The seminar, organised by Susan Bracken, Andrea Galdy and Adriana Turpin, was established in 2004 and was one of the first in its field. It holds monthly meetings on Monday evenings with a range of international speakers on a wide variety of subjects. Our sessions cover diverse topics and explore different approaches to the subject of collecting and display. We invite papers that cover areas of collecting from antiquity to the present day and a broad geographical range; we are interested in the history of private collections and museums, the great house, the history of natural sciences, court culture and diplomacy, the art market and gender studies.

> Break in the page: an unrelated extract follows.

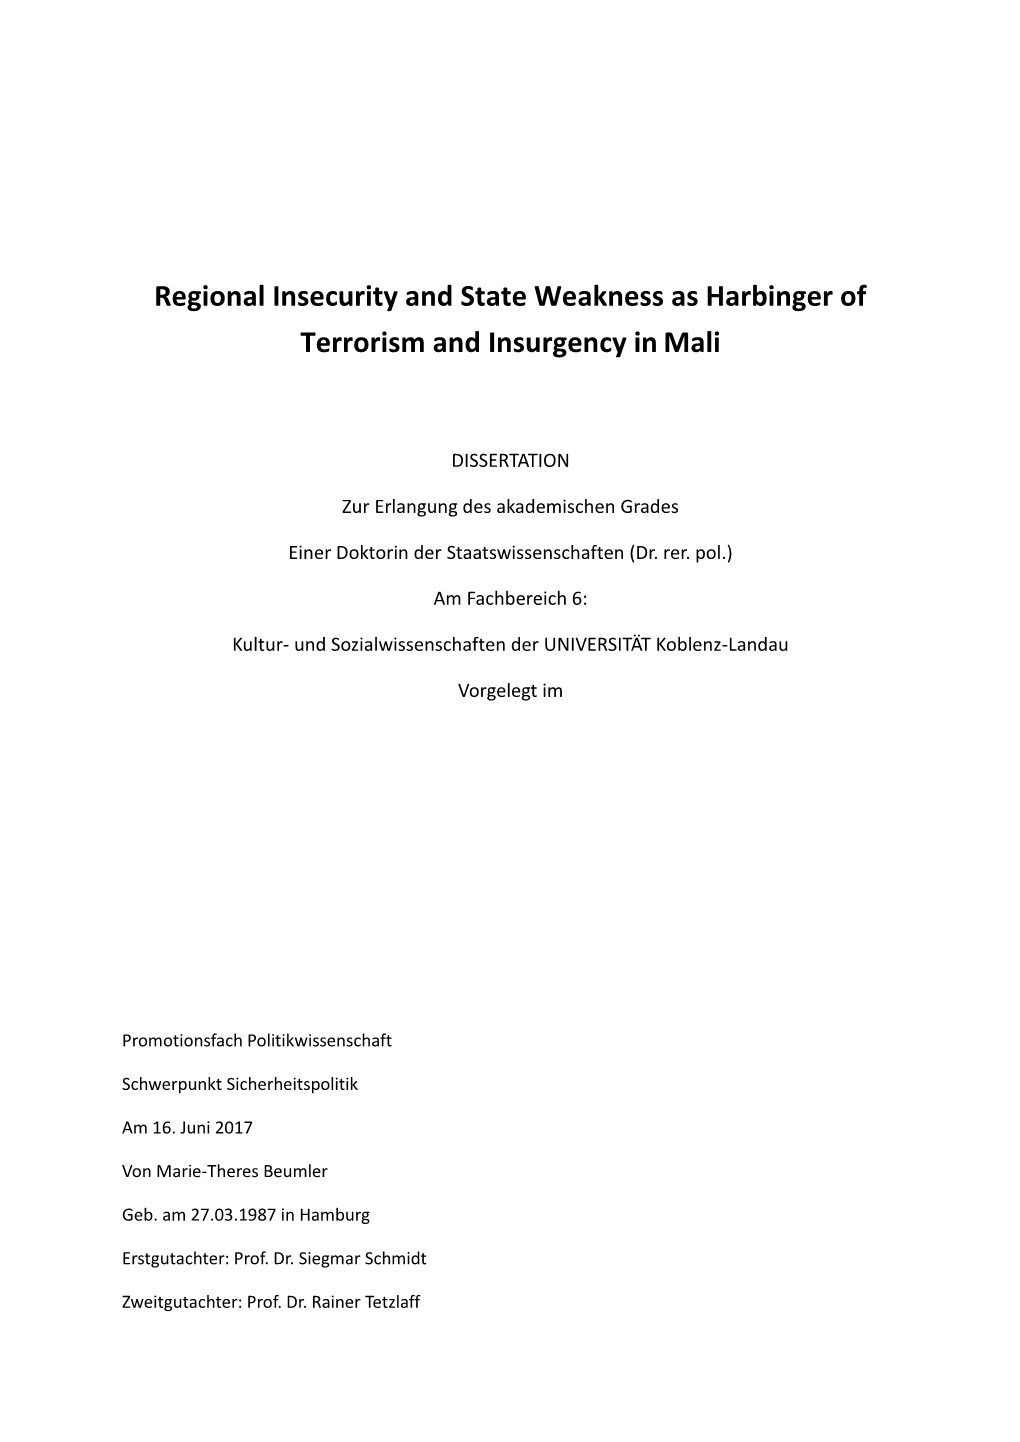 Regional Insecurity and State Weakness As Harbinger of Terrorism and Insurgency in Mali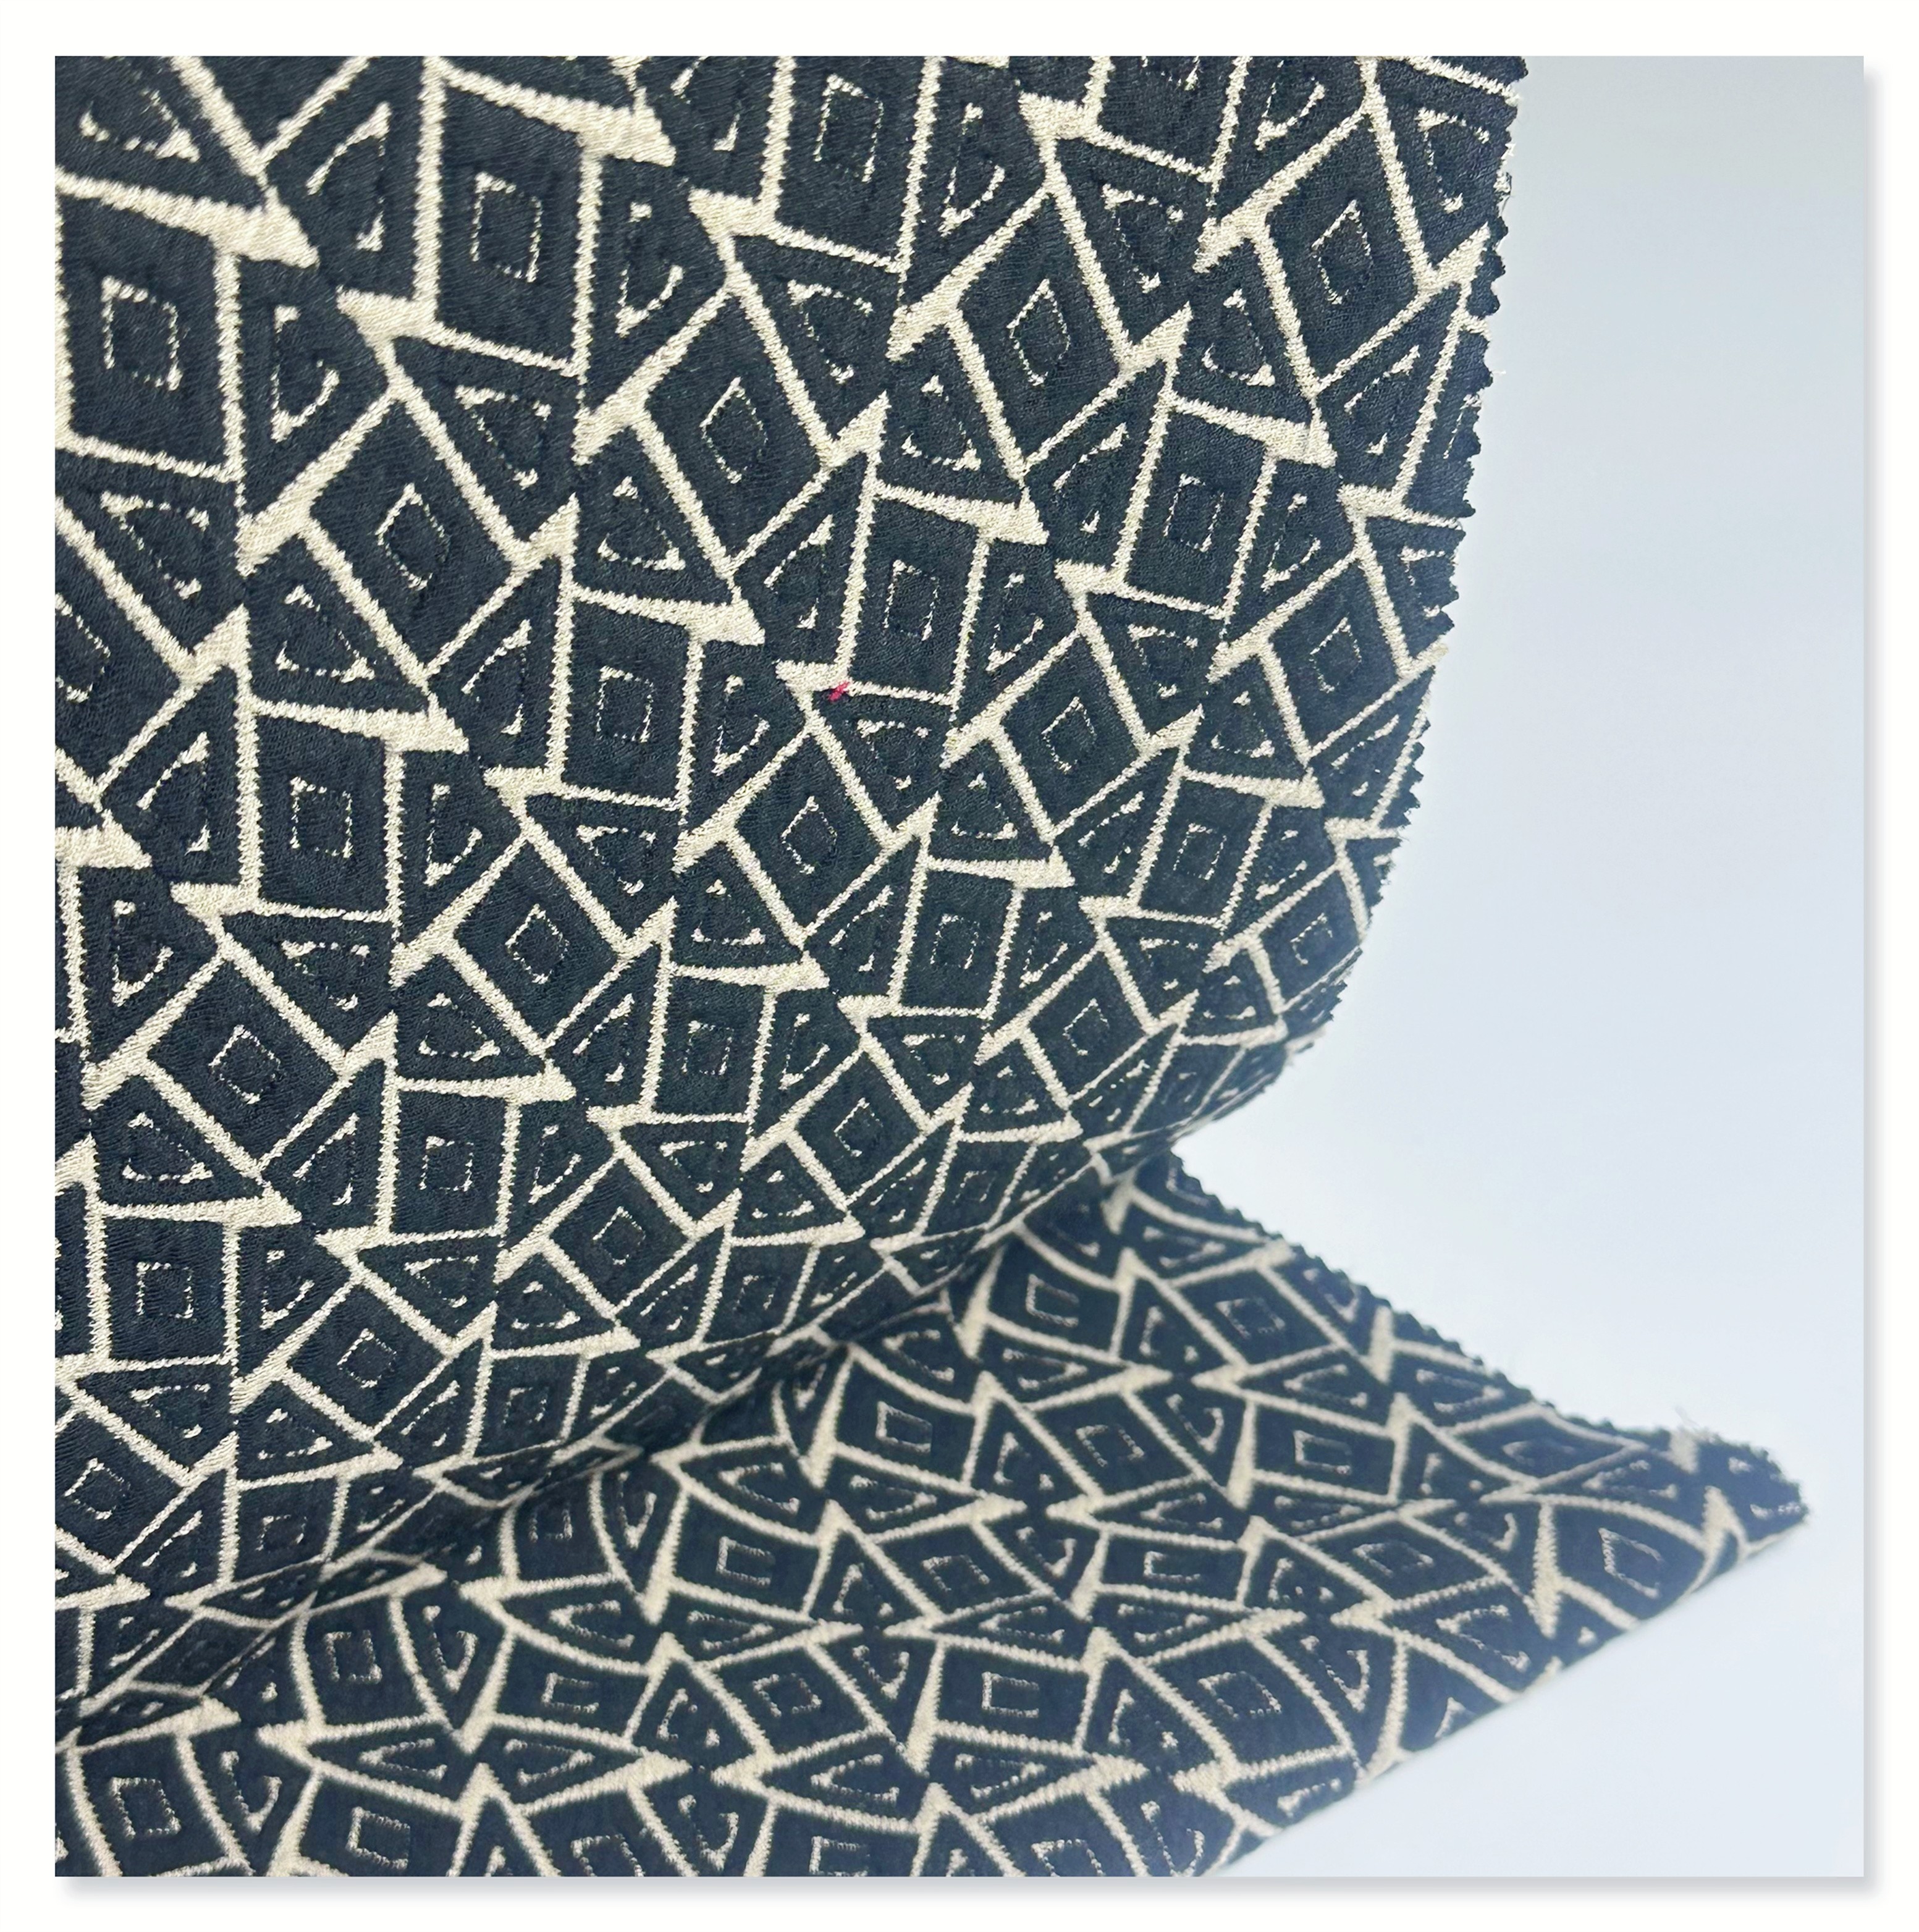 LA T/SP 96/4 Customized Hot Selling Jacquard Material Knitted Fabric spandex woven fabrics for clothing

In accordance with the policy of the Institute Historical Research where this seminar normally takes place, we are running the autumn series of talks online. We invite all those interested in attending to register as shown below:

Monday 12th October, 2020, 6 p.m. Pamela Bianchi will speak on: Dressing Up Spaces: Exhibition Design and Display Strategies at The Gonzaga Court

The Galerieta verso la Mostra (the gallery of marbles or months), the Galeria Grande (the main gallery built around 1592 to exhibit modern paintings), the Coridore che guarda verso la Santa Barbara (a corridor connecting two sections of the building, serving as storage for paintings and sculptures), the Logion Serato (a gallery of mirrors, central point of the exhibition structure), the Passetto davanti al Camarino della Grotta (the passage in front of the Grotto) and the Stanza contigua alla Libreria (the room adjoining to the library).

In 1626, these rooms appeared in the inventory of the ducal palace of the Gonzaga family in Mantua, drawn up by Ferdinando Gonzaga. These spaces (named in relation to the typology of objects contained and the topology of the other rooms) not only served to exhibit the family collections of antiquities and paintings but also translated the (ante litteram) “museographic” programme conceived by Ferdinando. At the time, the palace was perceived as the architectural portrait of the family, thus, a succession of spaces was especially “dressed up” to show off its intellectual and social power. Within such a scenographic apparatus, visits were not limited to a single room but developed in a specific dynamic extending temporality and spatiality. Here, visitors were allowed to experience the palace through “the eyes that saw, the head that turned and the legs that walked” (Le Corbusier, 1950).

This contribution studies the relationship between the architecture of the palace and the display of the collection, to generate a broader debate around the role played by ancient collections in the design of the first exhibition strategies and related spaces, born before the idea of a fully public museum. By detailing the stages of a sort of architectural walk, this study thus probes the aesthetic and spatial experience of the visitor inside the ducal palace of Mantua, in which the relationship between the display of collections, furniture design and architectural decoration, created a veritable “exhibiting machine”.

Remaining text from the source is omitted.